Multi-state and Semi-Markov Modelling of Prostate Cancer Disease Trajectories and Mortality Dynamics
Francis Ayiah-Mensah
*
Department of Mathematics, Statistics and Actuarial Science, Takoradi Technical University, Sekondi-Takoradi, Ghana.
Senyefia Bosson-Amedenu
Department of Mathematics, Statistics and Actuarial Science, Takoradi Technical University, Sekondi-Takoradi, Ghana.
Emmanuel Harris
Department of Mathematics, Kwame Nkrumah University of Science and Technology, Kumasi, Ghana.
Mohammed Frempong
Department of Mathematics, Statistics and Actuarial Science, Takoradi Technical University, Sekondi-Takoradi, Ghana.
Rebecca Nduba. Arhin
Department of Mathematics, Statistics and Actuarial Science, Takoradi Technical University, Sekondi-Takoradi, Ghana.
*Author to whom correspondence should be addressed.
Abstract
Background: Previous prostate cancer research has often been conducted in clinical or laboratory settings and has relied on traditional survival models that focus on a single disease endpoint. Such approaches do not fully account for intermediate disease states, transition risks, or disease-state occupancy times. This study aimed to model the dynamic progression and survival of prostate cancer using continuous-time Multi-State Markov and Semi-Markov frameworks.
Methods: A retrospective longitudinal study was conducted using clinical data from 300 patients with prostate cancer. The dataset included cancer stage, treatment exposure, tumour characteristics, survival outcomes and follow-up duration. Three disease states or stages were considered: Early-stage disease, Advanced-stage disease and Death. Transition intensities, transition probabilities, mean sojourn times and transition-specific hazard ratios were estimated using Continuous-Time Multi-State and Semi-Markov models.
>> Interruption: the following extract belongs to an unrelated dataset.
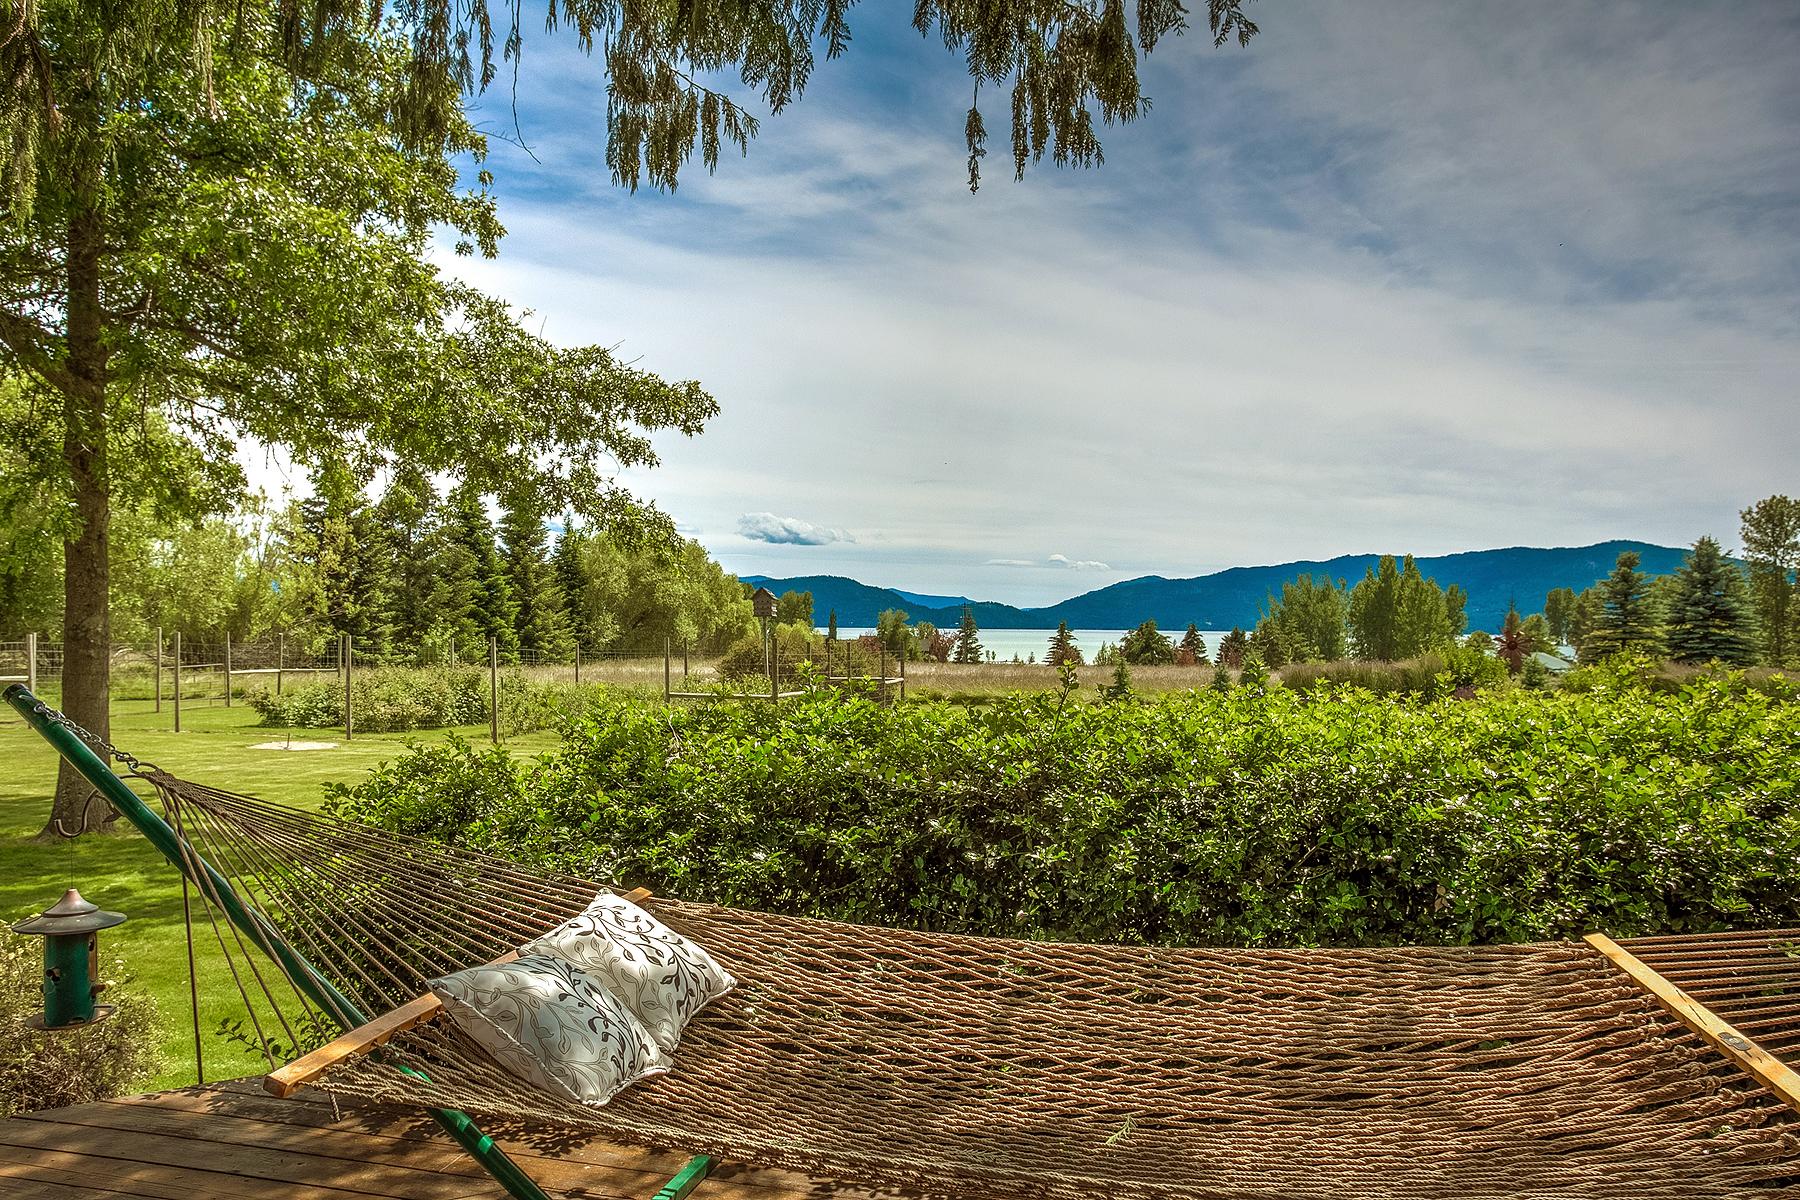 Single Family Home for Sale at Sunnyside Waterfront Estate 327 Sunnyside Sandpoint, Idaho, 83864 United States

Results: The largest proportion of patients had Stage II disease (30.00%), followed by Stage III disease (27.67%). The transition intensity from Early-stage disease to Advanced-stage disease (0.1603) was higher than the direct transition from Early-stage disease to Death (0.0724), suggesting a sequential disease progression pattern. Mean sojourn time was shorter in Early-stage disease (4.297 months) than in Advanced-stage disease (93.924 months). At 60 months, 61.90% of patients initially in Early-stage disease had transitioned to Death. Increasing age was associated with mortality among patients with Advanced-stage disease (HR = 1.013), whereas radiation therapy was associated with a lower mortality hazard in this group (HR = 0.721).
Conclusion: The multi-state modelling framework provided a structured representation of prostate cancer progression by accounting for intermediate disease states, transition-specific risks, state occupancy times and treatment-related effects.
Keywords: Prostate cancer, multi-state modelling, Semi-Markov model, disease progression, transition probabilities, transition intensity, sojourn time.